The Time After

After That brings together ten figurative paintings I made over the past three years, a body of work that emerged from a period of isolation, uncertainty, and chaos observation.

During this time, I found myself reflecting on the ways human relationships shift and fracture under pressure, how proximity doesn’t always equal connection, and how absence sometimes reveals more than presence. The figures in these paintings are drawn from real people, yet as I work, they slowly detach from their individual identities. They become symbols of intimacy, estrangement, and the subtle power dynamics that shape our shared lives.

These compositions are not about a narrative, but about an atmosphere: a world that feels both familiar and unsettling, where tenderness and distance coexist. For me, these images echo the emotional and social disconnection of a fragmented society, one that mirrors the inequalities, silenced voices, and patriarchal hierarchies that continue to define much of the world we live in.

The unequal weight of presence, the way some figures seem more seen, others half-faded or turned away, is intentional. It reflects both a personal and collective imbalance, a quiet resistance to structures that dictate whose stories are visible and whose are not. Each work begins with an imagined yet precise space.

I plan the placement of figures, objects, and gestures with care, but allow the process to shift and evolve intuitively. Sometimes the painting unfolds slowly, through layers of hesitation and discovery; sometimes it happens all at once, as if the image demands to be seen.

My visual language draws upon both Persian painting and everyday life and the Western history of art. I often refer to the compositional rigor of Renaissance and Baroque painting, the weight of bodies, the geometry of light, but reimagine them through a contemporary lens. The candle-lit tones, layered textures, and muted colors evoke a classical sensibility, yet my surfaces remain raw, tactile, and imperfect, holding onto traces of time and emotion.

Through these paintings, I try to construct a world that hovers between the real and the imagined.
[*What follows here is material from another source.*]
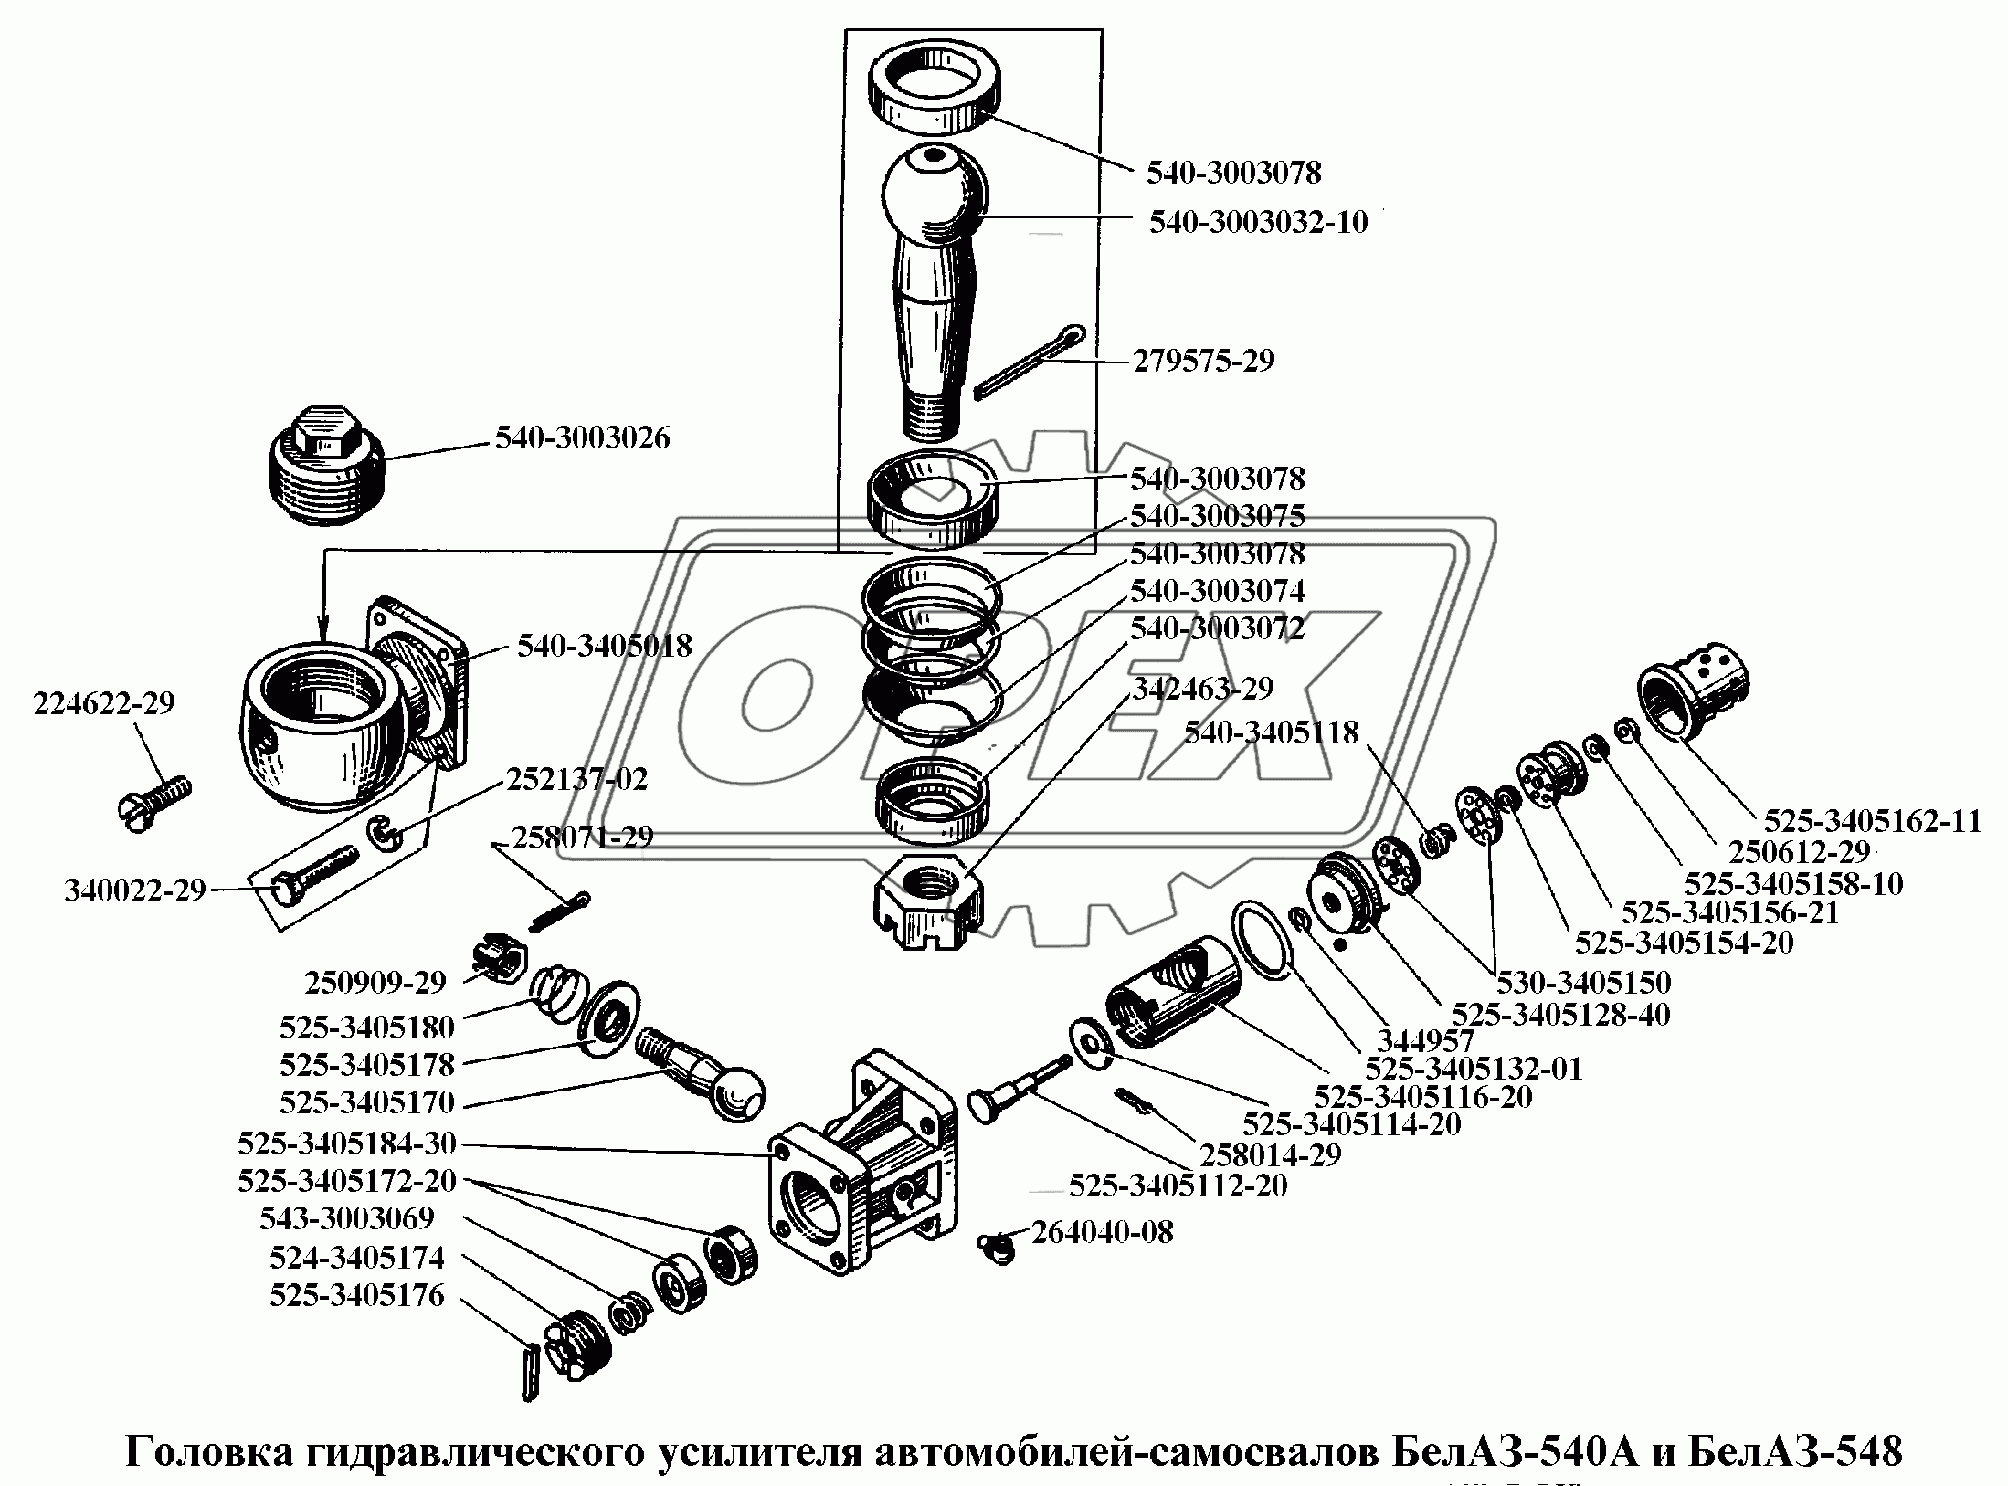 Головка гидравлического усилителя автомобилей-самосвалов БелАЗ-540А и БелАЗ-548А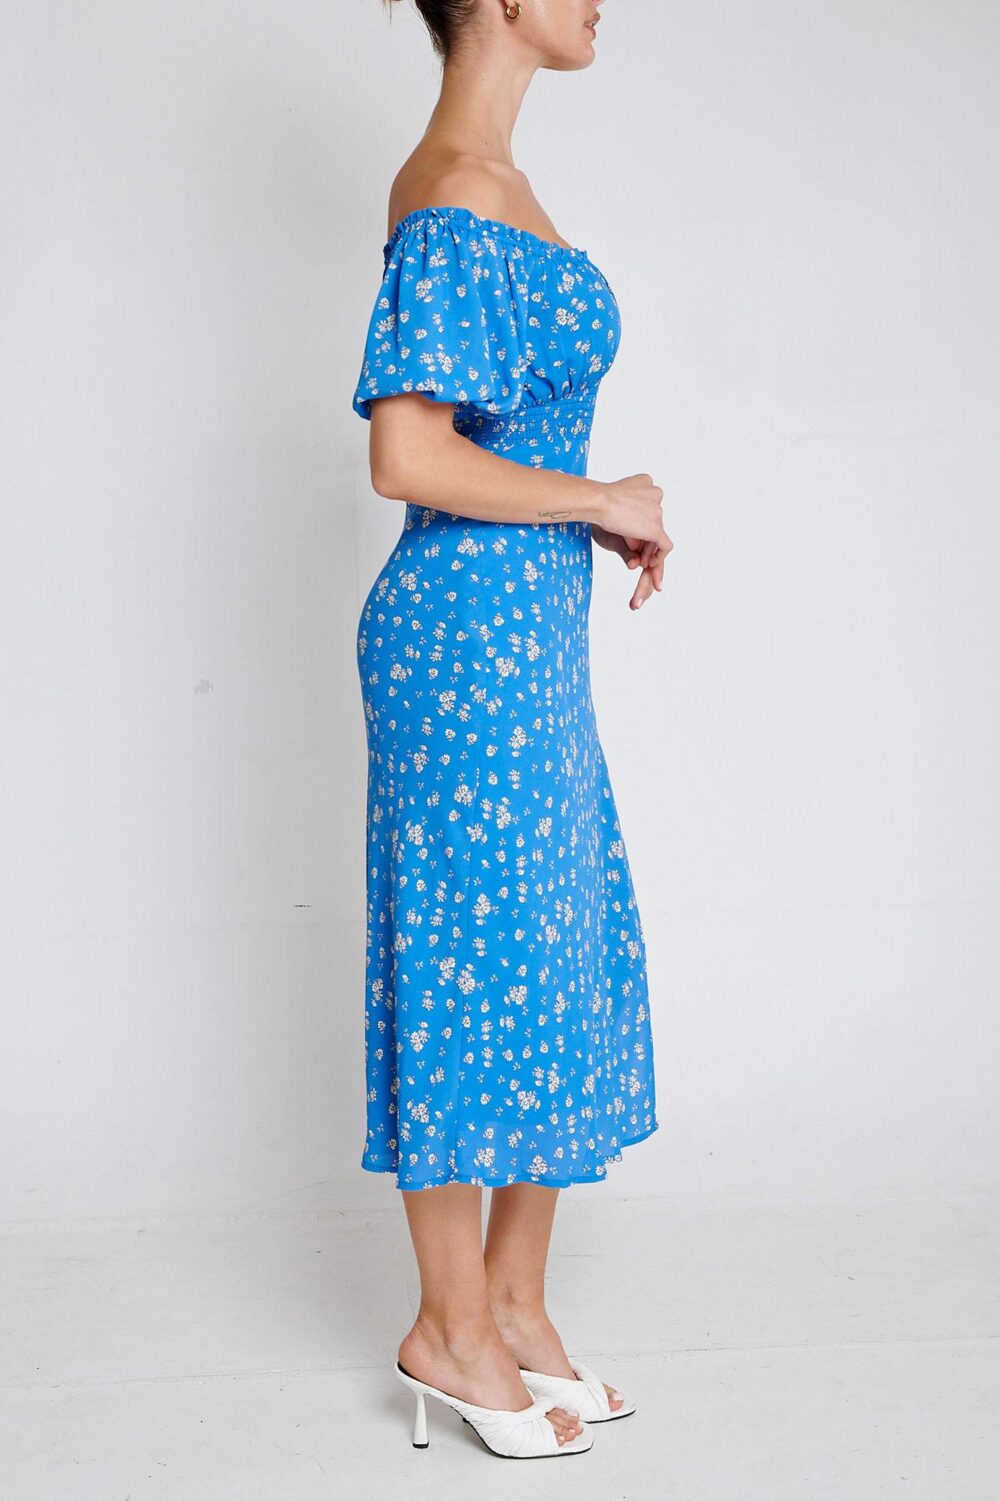 Ladies Dress Colour is Blue Floral Print

It’s a space where the personal and political intersect, where private emotion becomes a reflection of collective experience.

The Time After, a collection of ten figurative paintings created over three years, reflecting a period of isolation, uncertainty, and chaos. The artist explores shifting human relationships, where proximity doesn’t guarantee connection, and absence can reveal deeper truths.

The figures, inspired by real people, evolve into symbols of intimacy, estrangement, and subtle power dynamics, capturing an atmosphere of familiarity and unease. The paintings reflect a fragmented society marked by inequalities, silenced voices, and patriarchal structures, with the unequal presence of figures highlighting personal and collective imbalances.

The artist’s process blends careful planning with intuitive evolution, drawing on Persian painting, everyday life, and Western art traditions like Renaissance and Baroque, reimagined with contemporary rawness. Using candle-lit tones, layered textures, and muted colors, the works create a tactile, imperfect world where personal emotions intersect with political themes, bridging the real and the imagined.